GOAL OF THE EXERCISE:
Give again, word for word, the line holding "PAIGE | Croft" and every line after it through the end of the data below. Omit pictures.
───── GIVEN DATA
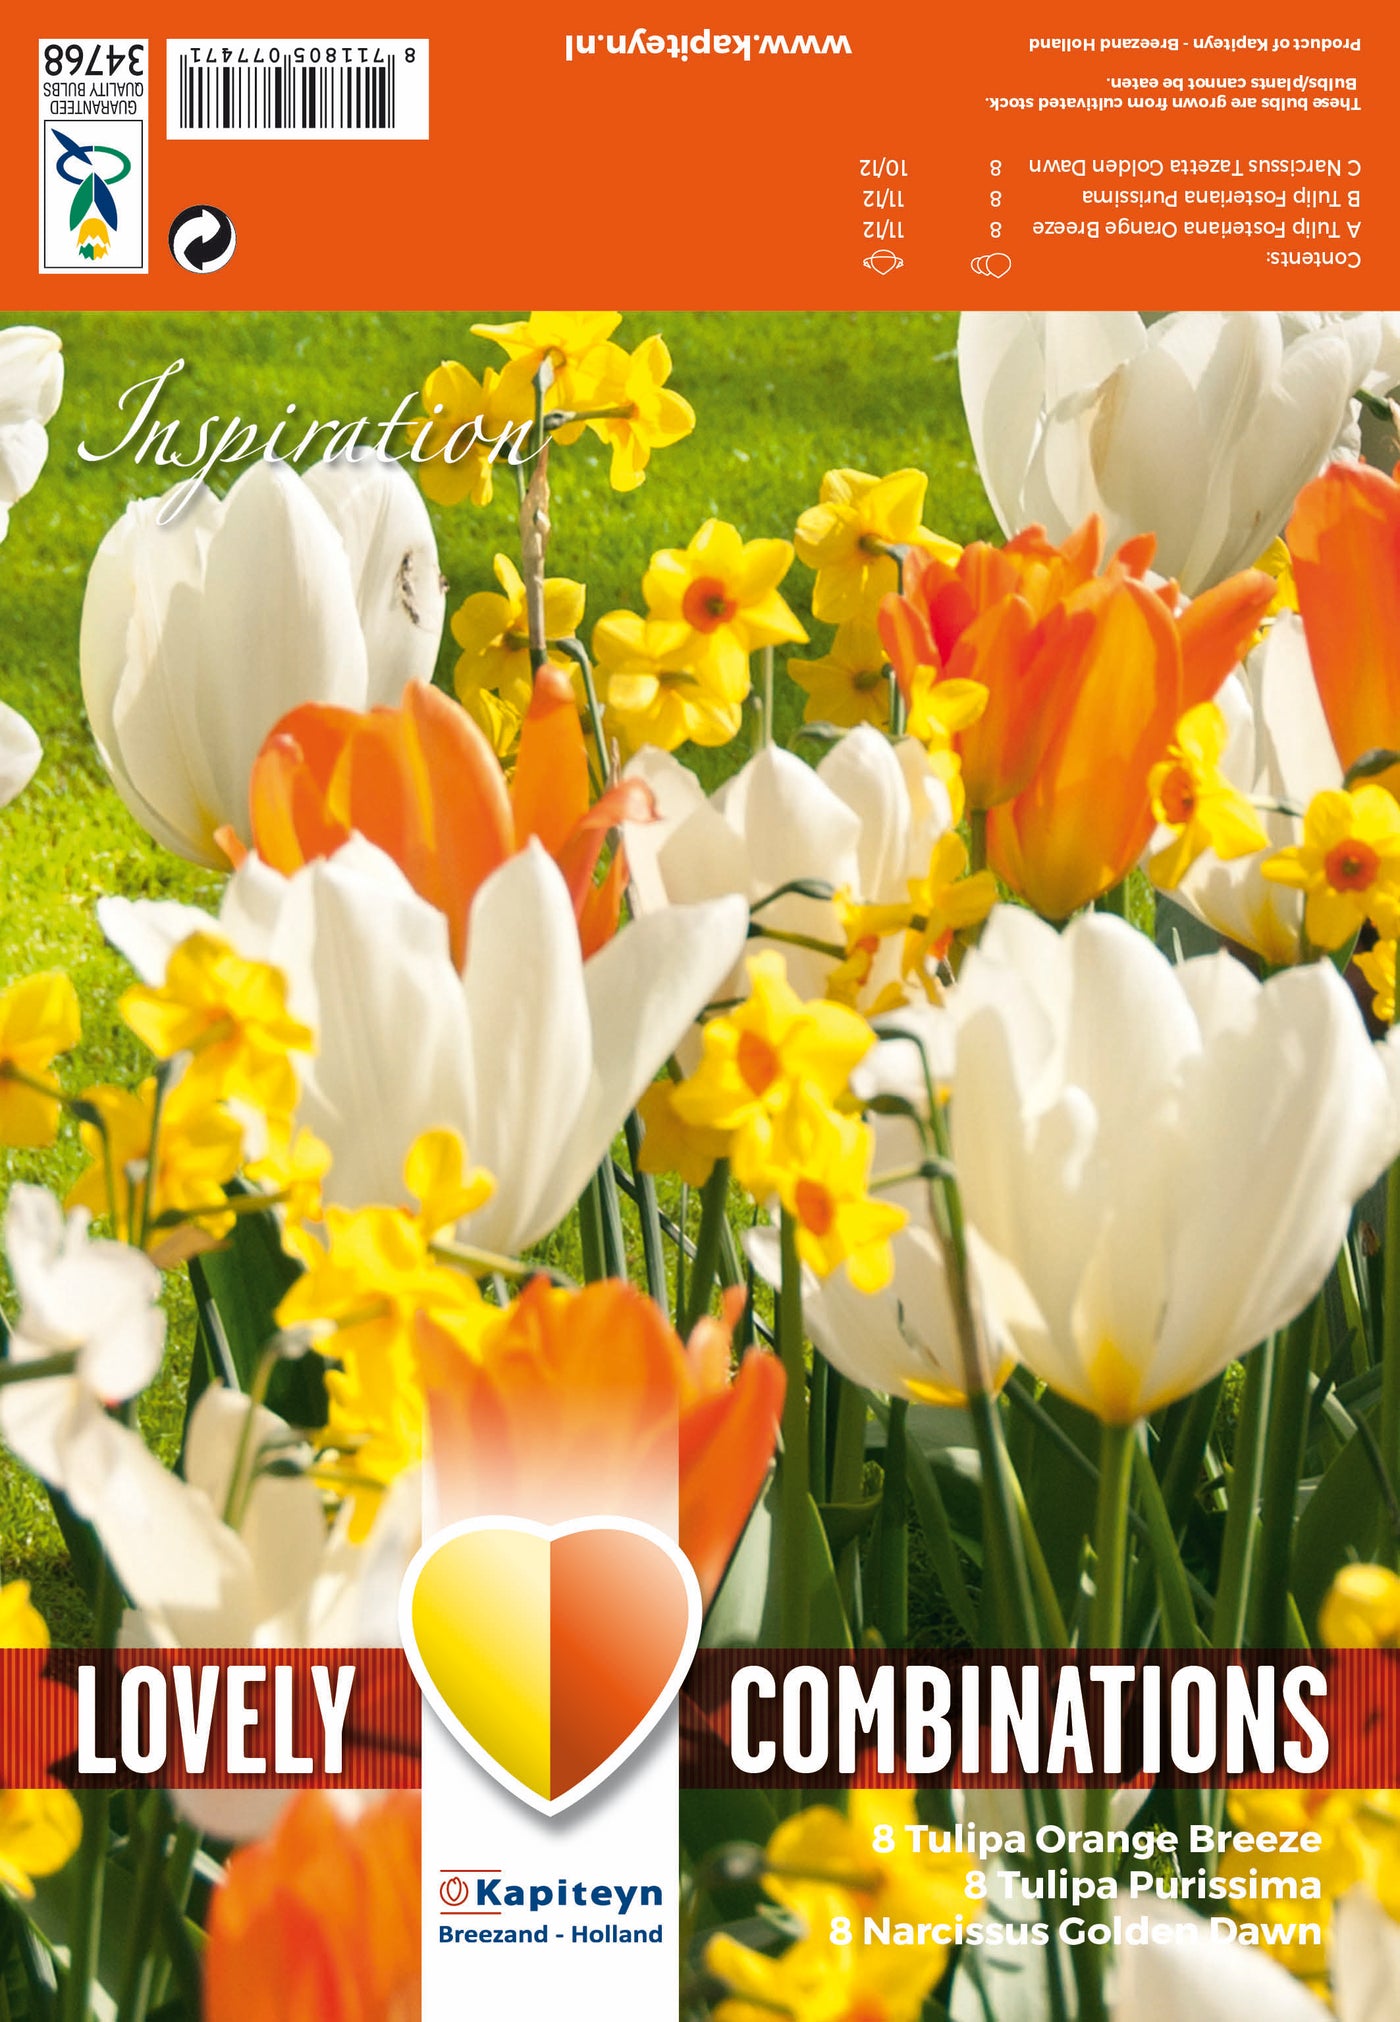 Combi Tulipa Orange/White & Narcissus Yellow
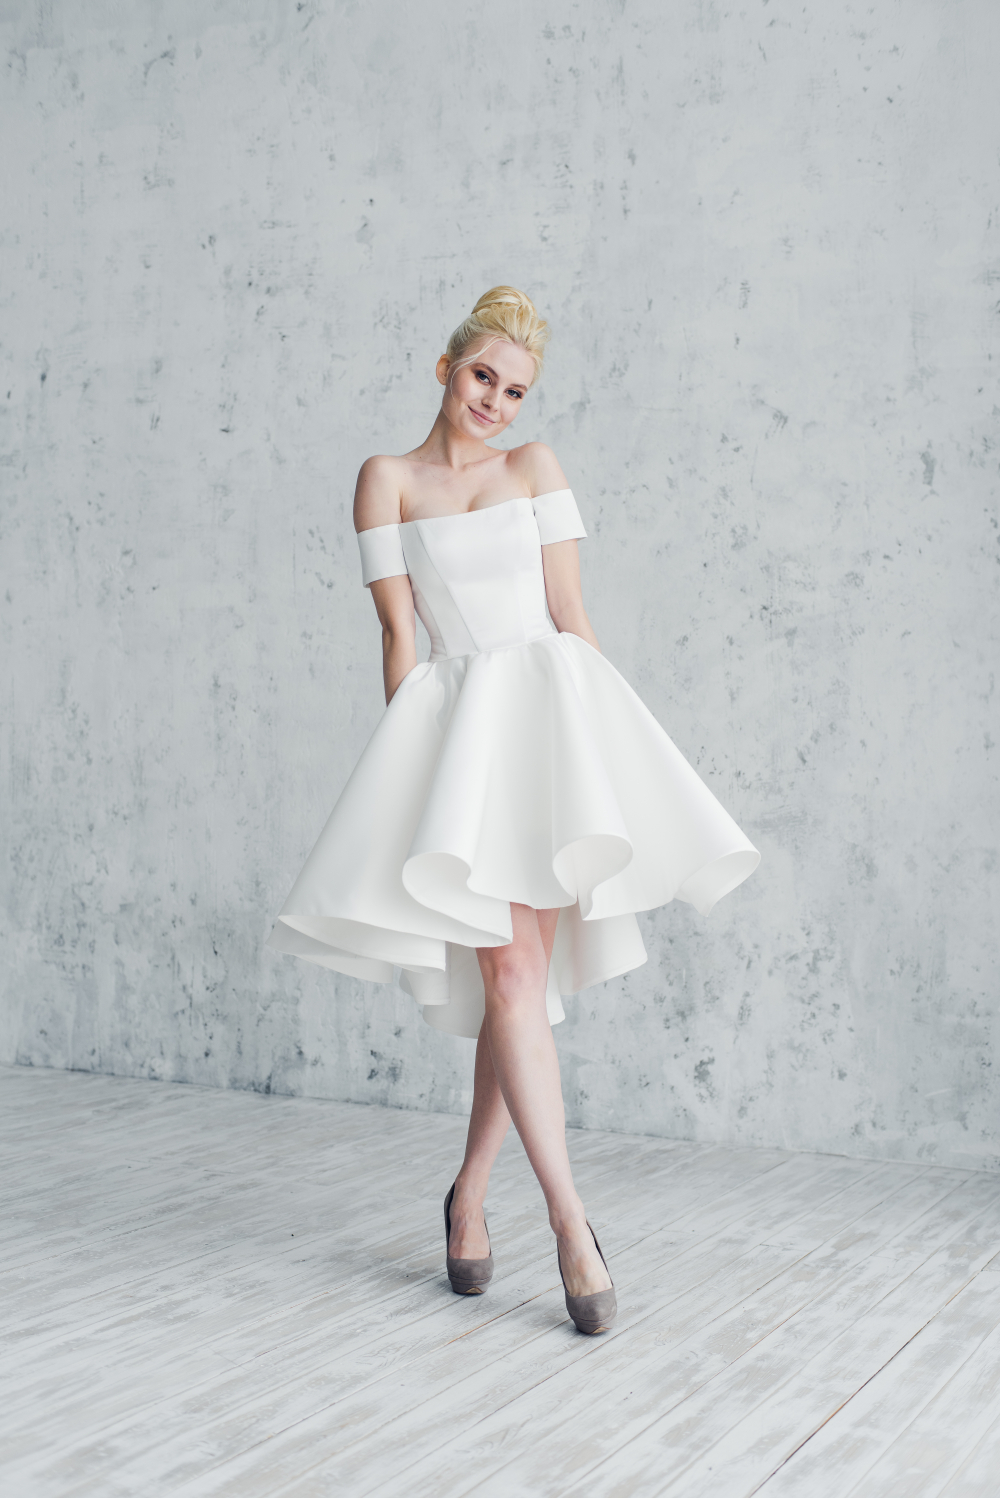 Купить платья Белые в шоуруме платьев в Санкт-Петербурге по выгодной цене
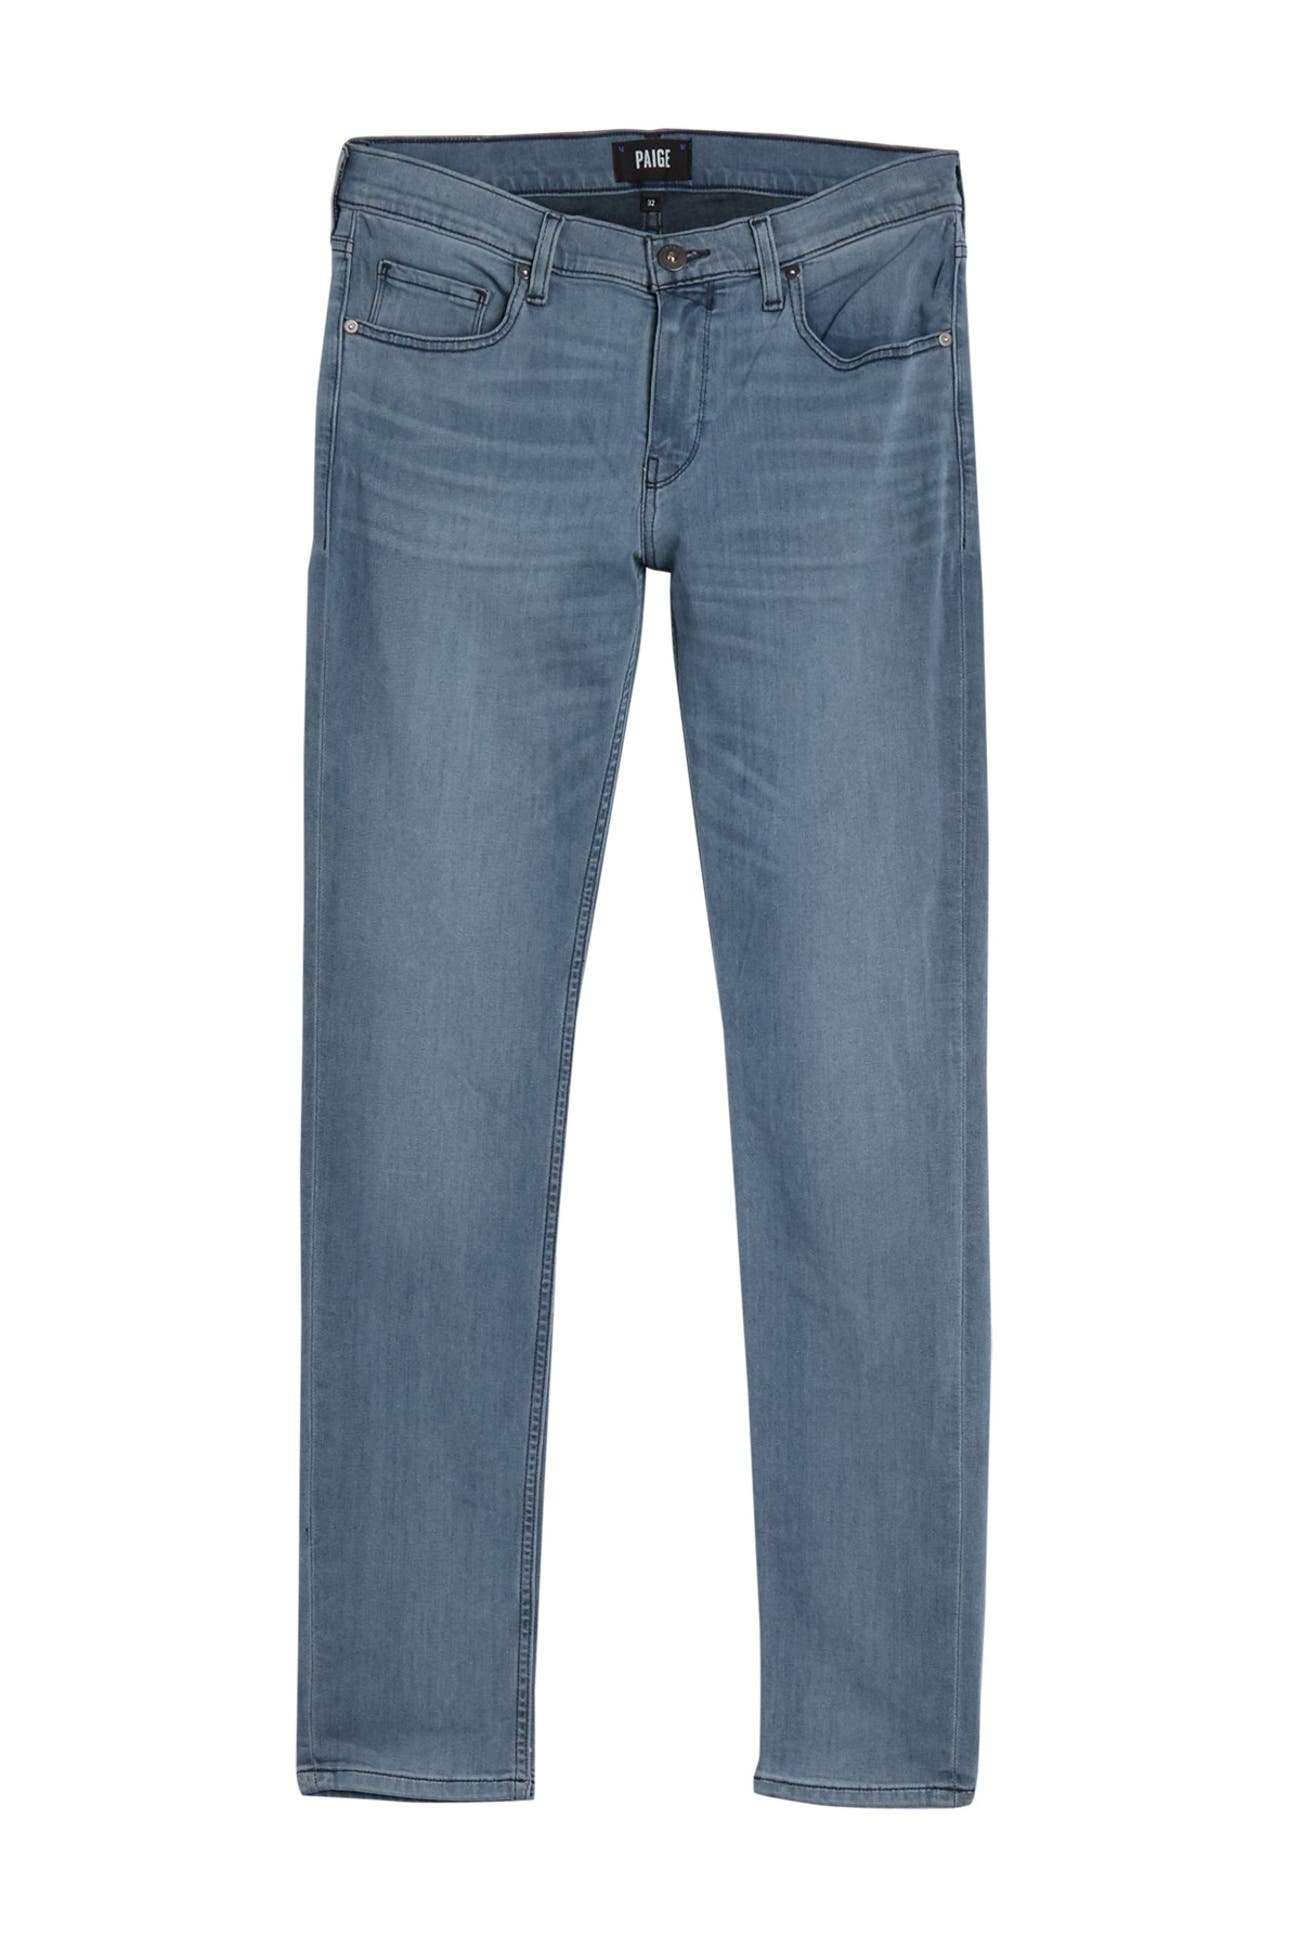 PAIGE | Croft Super Skinny Jeans | Nordstrom Rack
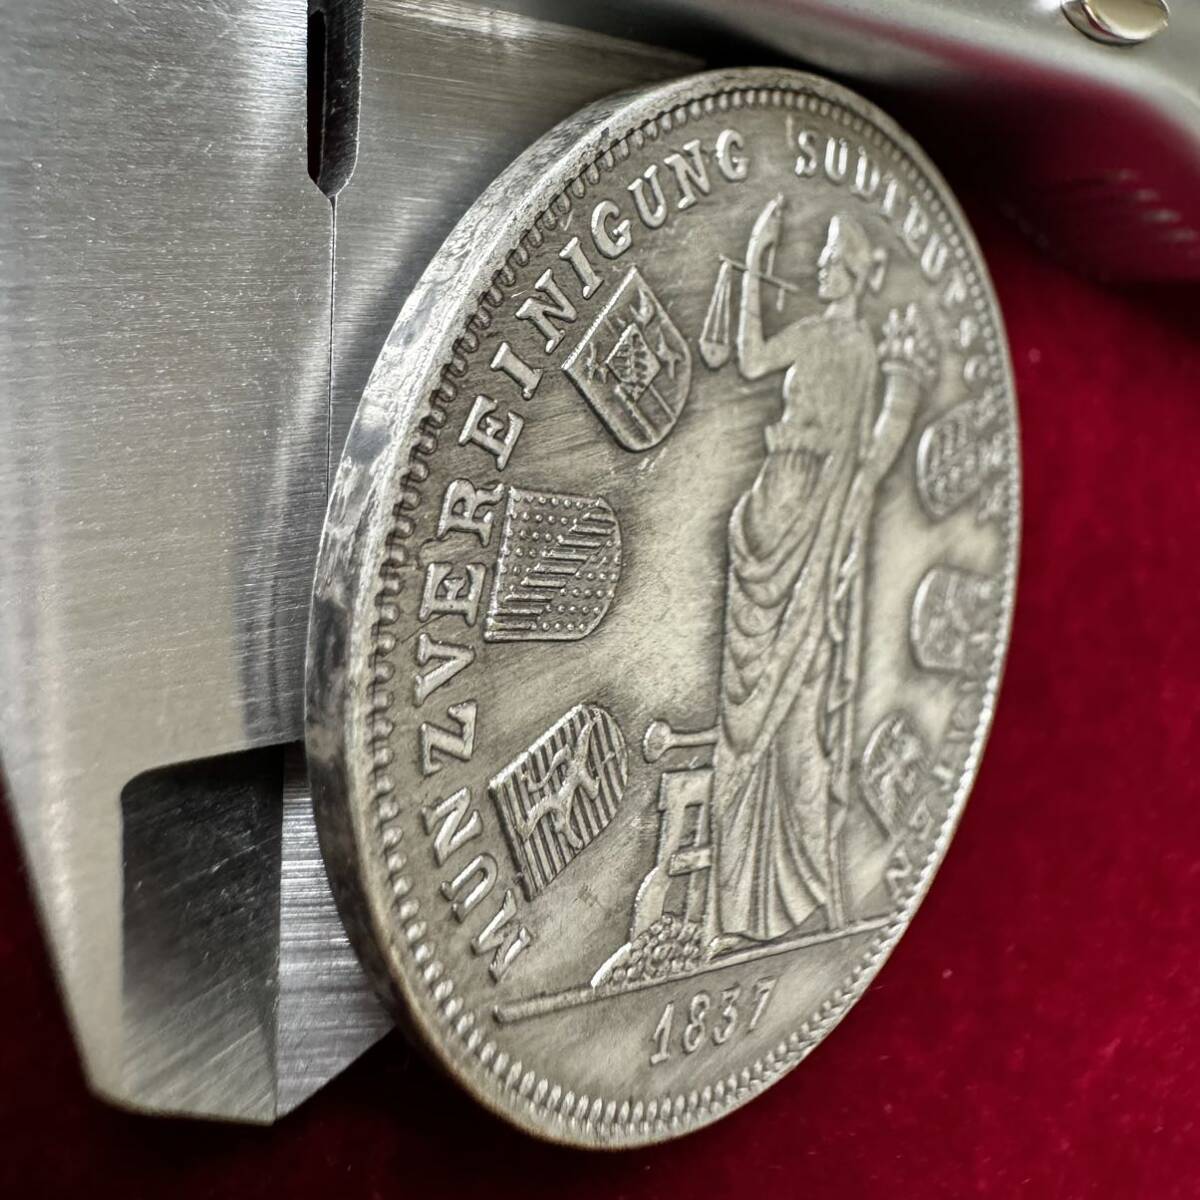 ドイツ フェルドヘルンハレ 硬貨 古銭 1837年 バイエルン王国 ルートヴィヒ1世 「南ドイツ6州通貨同盟」記念 記念幣 コイン 銀貨 海外硬貨_画像3
──────────
YOUR RESPONSE:
 PAIGE | Croft Super Skinny Jeans | Nordstrom Rack
 ドイツ フェルドヘルンハレ 硬貨 古銭 1837年 バイエルン王国 ルートヴィヒ1世 「南ドイツ6州通貨同盟」記念 記念幣 コイン 銀貨 海外硬貨_画像3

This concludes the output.